J'avais évoqué dans un précédent billet les brebis de Douvrend. Douvrend se trouve sur la départementale que j'emprunte lorsque je vais à Dieppe. Entre Londinières et Envermeu. Le village est arrosé par l'Eaulne, cette magnifique petite rivière dont la seule vue suffit à me remplir de bonheur : dès que j'aperçois ses berges, je ris. Je parlais depuis longtemps de ces ovidés devenus mythiques, sans confirmation de leur existence. Comme les physiciens qui prédisent le boson de Higgs dans leurs théories mais ne l'ont jamais observé. Jamais CERNé serait plus juste. Les brebis de Douvrend, c'était une private joke des familles. Pourtant j'espérais toujours que ma théorie se vérifie. Il y avait certes le fameux bélier de Fréauville, les illustres moutons de l'Epinay (rien qu'à écrire ces noms, le manque se creuse davantage), mais ce n'était pas ce que je recherchais.
Pourquoi les brebis de Douvrend (qui sont peut-être des moutons) ? Qu'ont-elles donc qui les différencie des autres ? Tout est parti de ma chatte angora Mouna. Elle ressemble à une brebis (d'ailleurs très peu de mes chats ressemblent à des chats). Son miaulement s'apparente au bêlement. Je l'appelle Mouna-Mouton. Ou Mouna-Khnoum, du nom du dieu égyptien à tête de bélier qui modela les hommes dans la glaise sur son tour de potier. Mais pourquoi Douvrend ? Quel écho ce toponyme a-t-il éveillé en moi ? Mystère.
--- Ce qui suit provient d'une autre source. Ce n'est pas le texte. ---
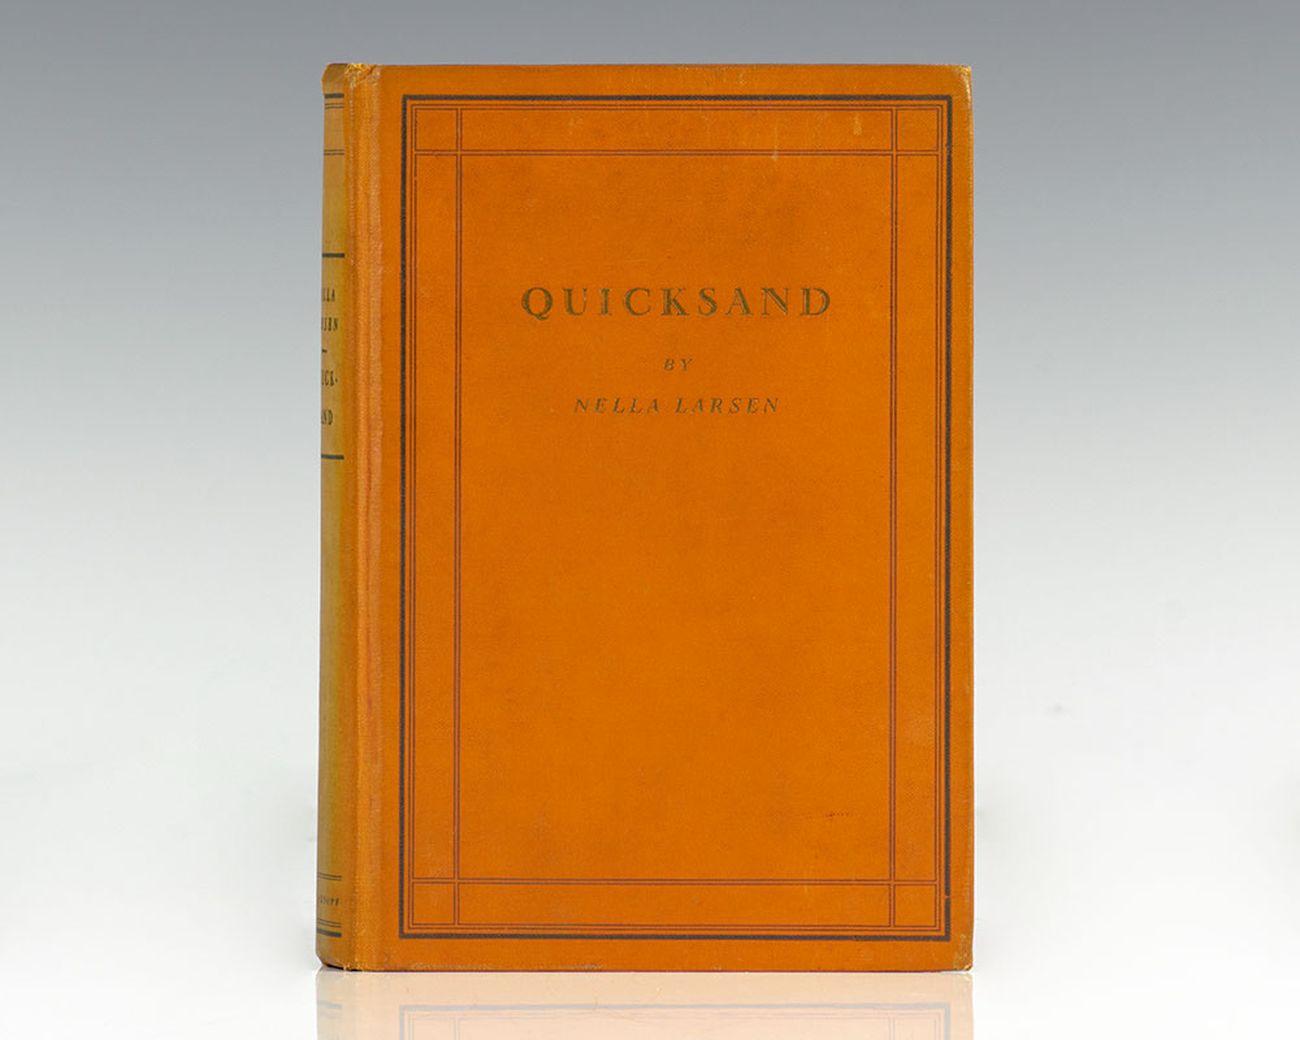 Nella Larsen, Quicksand, 1928

Quand reverrai-je ces ovins emblématiques de la Normandie, ou plutôt du voyage, de la Route (ma petite route qui se trouve affranchie d'un adjectif réducteur et adoubée au passage d'une très solennelle majuscule. C'est ça la force du souvenir). Ou, à défaut de les apercevoir, projetterai-je leur image dans une pâture désertée jusqu'au printemps ?
En espérant qu'elles n'aient pas fini en gigot.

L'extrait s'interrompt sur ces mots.